Digitalization is transforming logistics, with broadband access playing a key role in efficiency and connectivity [
27]. A strong digital infrastructure facilitates trade and logistics, even if cost reduction depends on its implementation [
27]. However, inequalities between urban and rural areas continue to hinder the adoption of ICT and slow down the diffusion of digital location technologies [
28]. In emerging markets, ICT improves supply chain resilience through optimized route planning and real-time tracking [
29]. Digital progress remains uneven across EU Member States, with higher ICT penetration associated with better logistics performance, while lower penetration contributes to inefficiencies [
30]. To close these gaps, targeted policy interventions are needed to accelerate ICT integration across all sectors [
30]. From a sustainability perspective, digitalization improves supply chain transparency, reduces emissions and promotes resource efficiency [
31].
The Internet of Things (IoT) has revolutionized supply chain management by enabling real-time data acquisition, facilitating continuous monitoring of goods and assets throughout the supply chain. IoT sensors, RFID tags, and GPS tracking devices allow businesses to monitor the status and location of shipments, ensuring greater transparency and control over logistics operations. This capability enhances inventory management, reduces losses, and improves overall supply chain efficiency by minimizing stockouts, overstocking, and disruptions [
32].
Artificial intelligence (AI) plays a crucial role in logistics optimization by integrating machine learning, optimization algorithms, and real-time data analytics. AI improves route planning, warehouse automation, and supply chain decision making, enabling businesses to optimize costs, efficiency, and sustainability. Recent research highlights AI’s ability to enhance transport planning, reduce waste, and minimize carbon footprints in supply chain operations [
33].
The integration of blockchain technology with IoT devices offers significant improvements in supply chain management by enhancing transparency, security, and traceability. This combination addresses challenges such as lack of visibility, flexibility, and risk management in supply chains. A comprehensive review explores the potential of blockchain-based IoT devices in revolutionizing supply chain management [
34].
The IoT and social media provide information related to disasters that could help businesses strategically mitigate risks and optimize their supply chain during difficult times. A proposed framework shows how businesses can collaborate with communities and governments in disaster supply chain risk management [
35].
The IoT and its benefits and challenges are emergent research topics among academics and practitioners. With supply chains gaining rapid complexity, having high supply chain visibility helps companies ease processes and reduce complexity by improving inaccuracies. A study highlights the role of IoT in enhancing supply chain visibility [
36].
Overall, ICT remains a fundamental driver of supply chain efficiency, collaboration and sustainability. However, the broader impact of digital transformation on logistics systems has not yet been sufficiently researched.
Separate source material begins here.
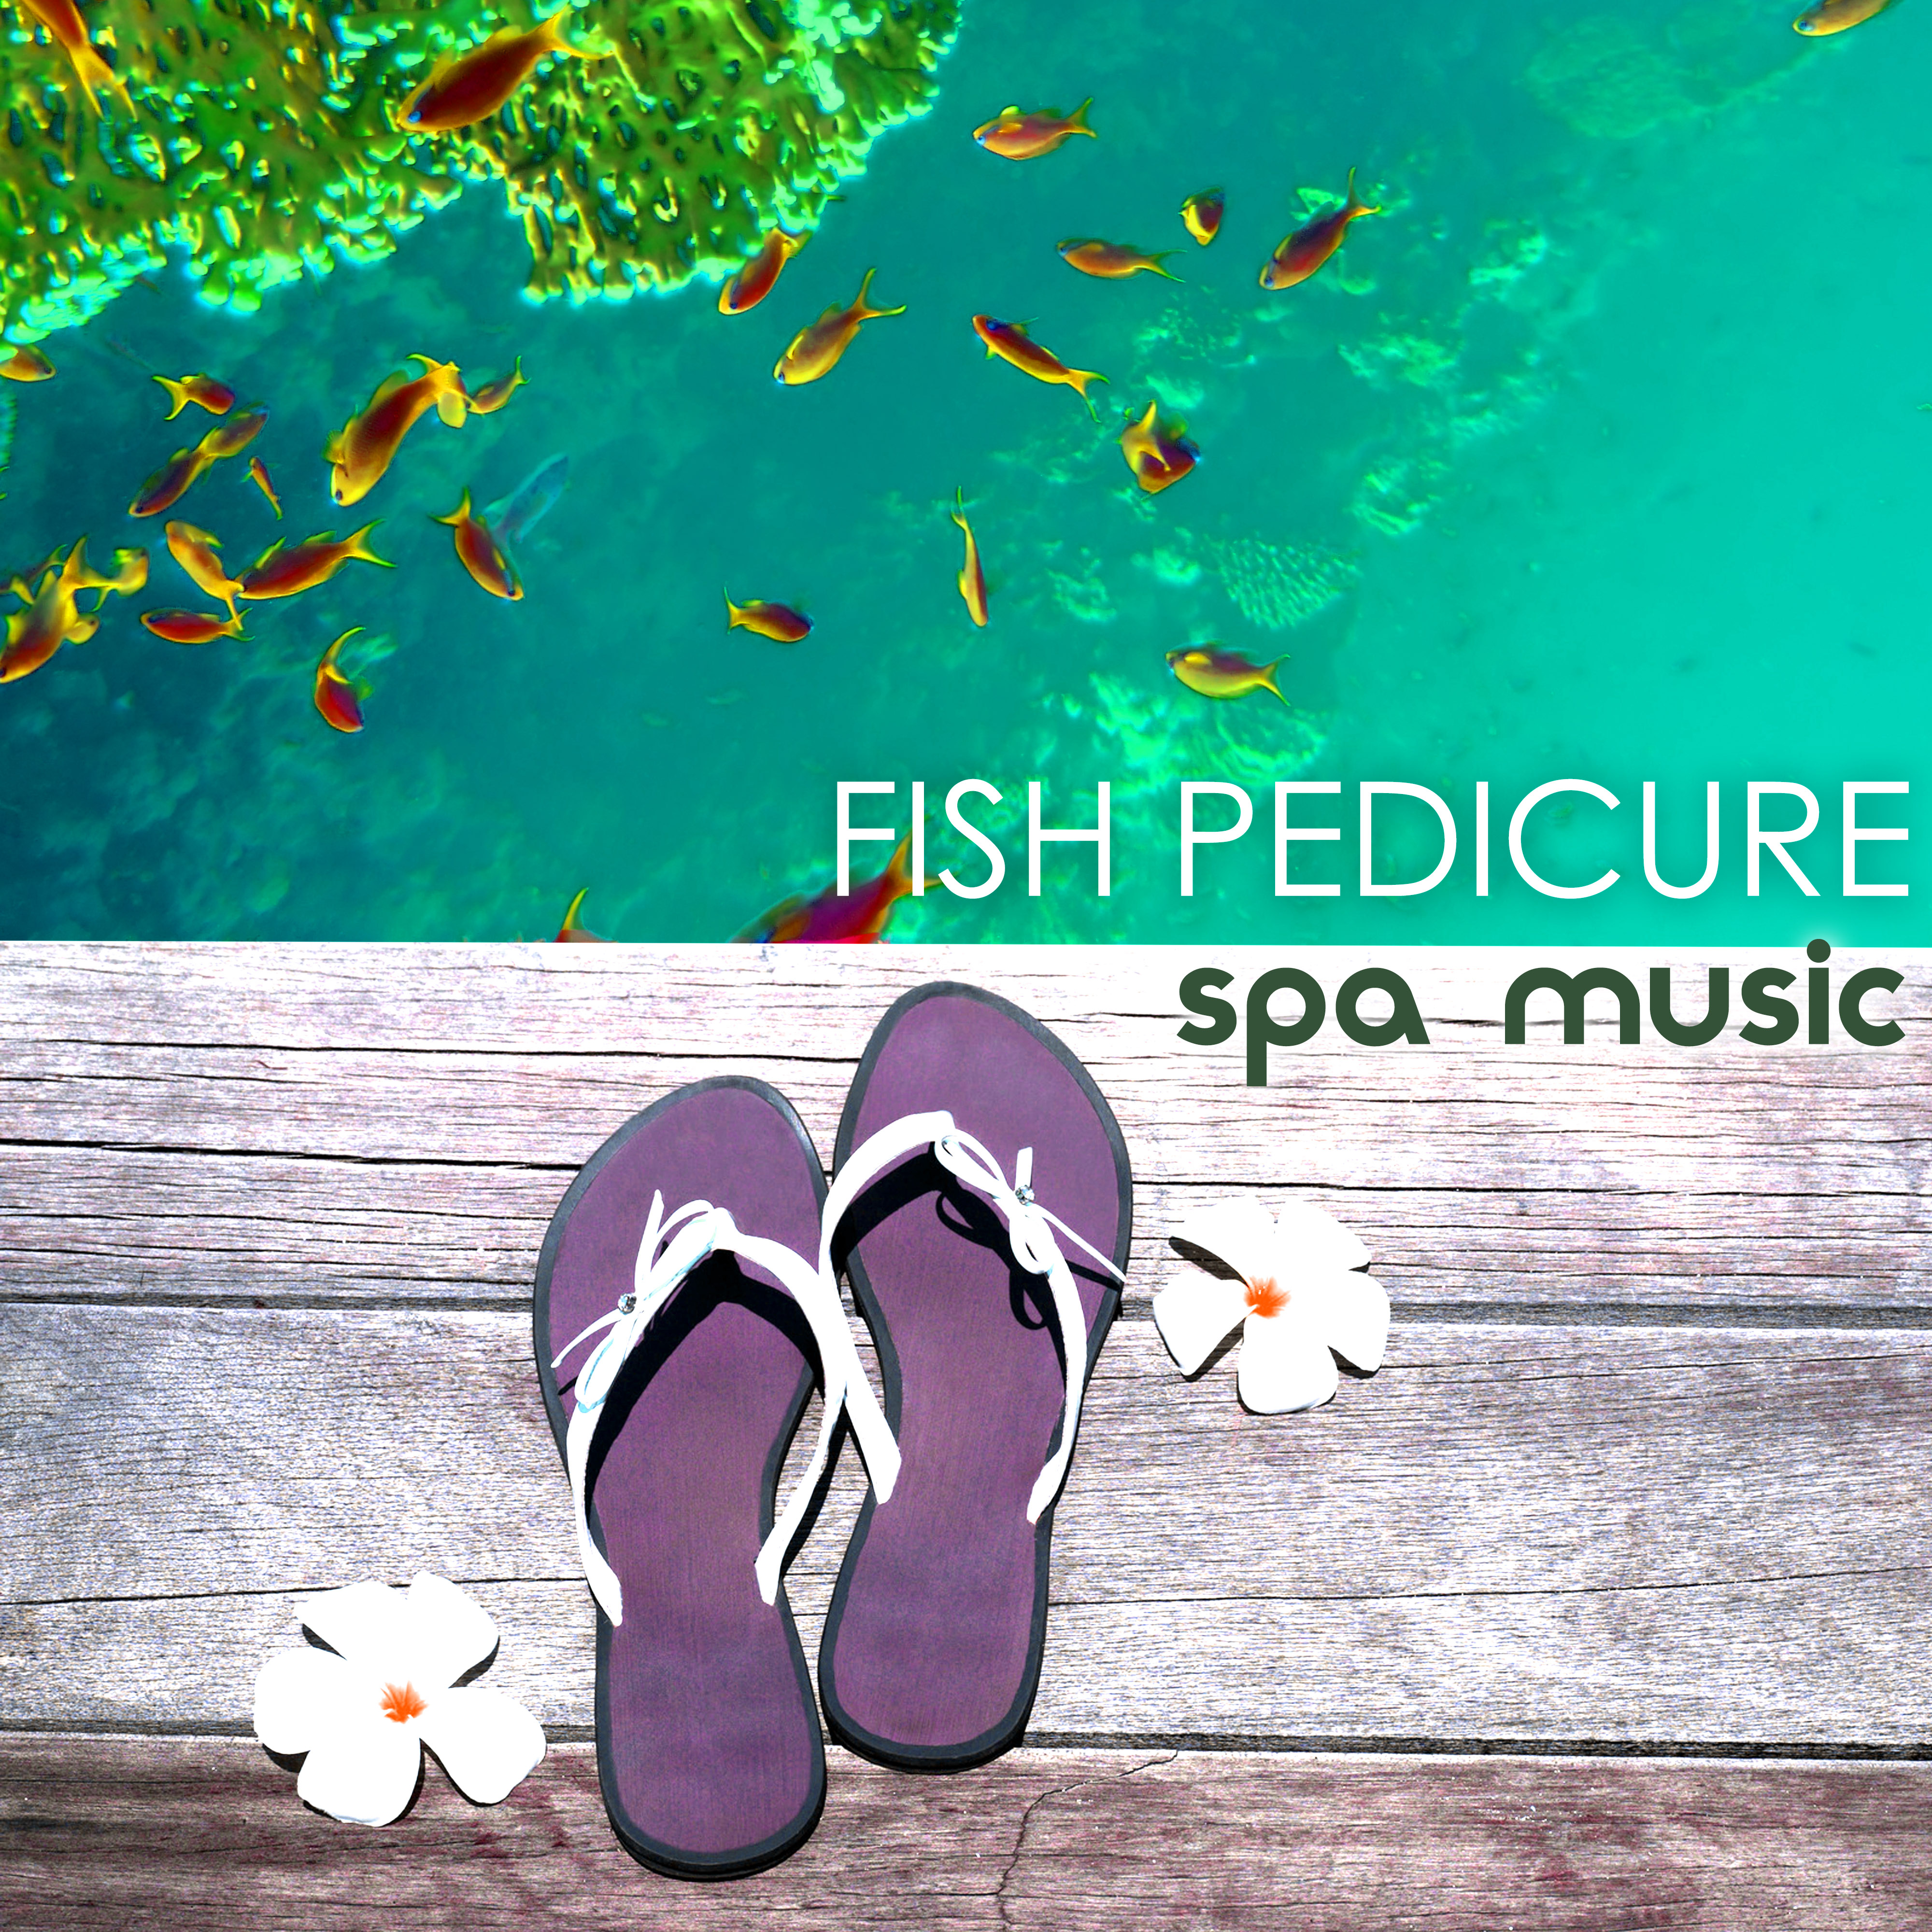 Fish Pedicure Spa Music  Peaceful Relaxing Music for Fish Therapy, Pedicure, Massage  Fish Foot Spa in Beauty Center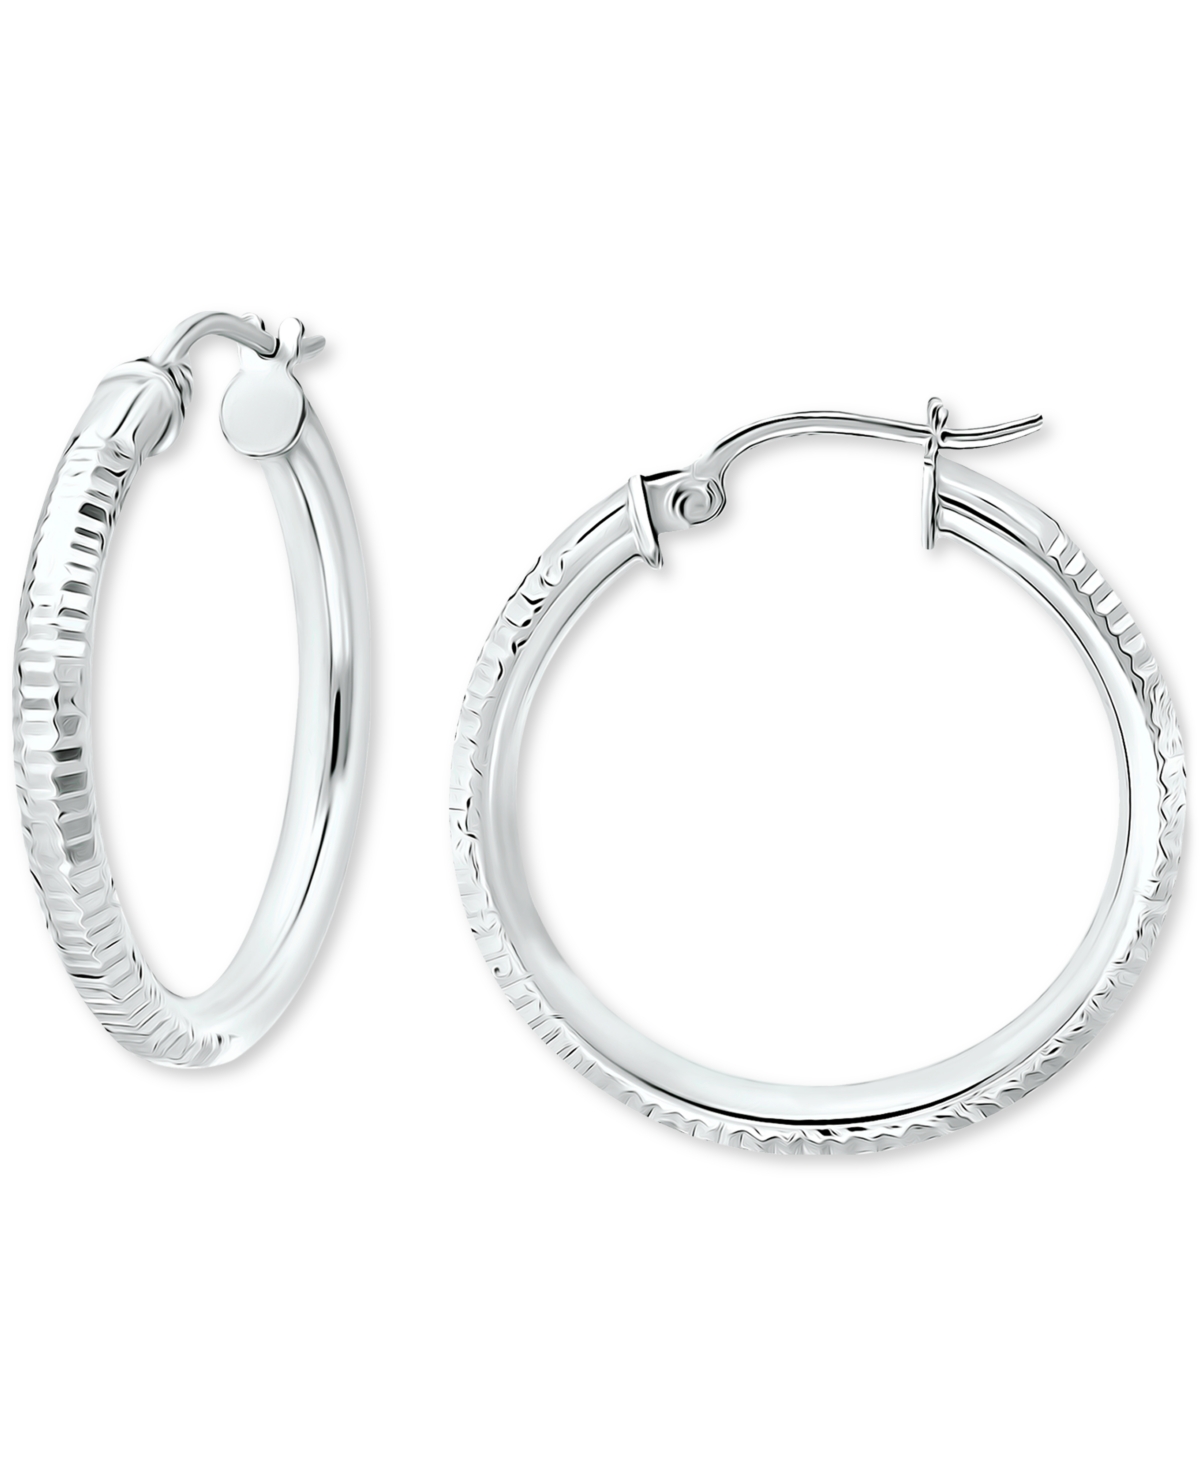 Giani Bernini Ribbed Texture Small Hoop Earrings in Sterling Silver, 1", Created for Macy's

Most studies focus on isolated technologies or specific regions, leaving gaps in understanding how ICT, sustainability and logistics performance interact in different economic contexts. This study fills these gaps by using panel data analysis to provide a comprehensive assessment of the role of ICT in sustainable supply chains in EU Member States.
3. Data and Methods
This study uses a balanced panel dataset covering 27 EU Member States from 2011 to 2019, sourced from the World Bank, Eurostat and the European Commission’s Digital Economy and Society Index (DESI) [
30]. The dataset captures key variables related to ICT adoption, logistics performance and economic sustainability, thus ensuring analytical consistency. The dependent variable, the Logistics Performance Index (LPI) published by the World Bank, measures logistics efficiency on a scale of 1 to 5 across six dimensions: customs efficiency, infrastructure quality, international transportation, logistics expertise, tracking and tracing, and timeliness. The LPI, which is calculated as a weighted average of these components, has been continuously refined since its introduction in 2007. The 2018 update improved the reliability of the data while maintaining consistency for longitudinal analysis. In this study, the LPI assesses logistics efficiency in EU Member States, while ICT indicators, such as broadband penetration, digital infrastructure and e-commerce integration, are analyzed for their impact on supply chain performance. This enables an empirical assessment of the role of ICT in logistics, cost efficiency and regional trade integration.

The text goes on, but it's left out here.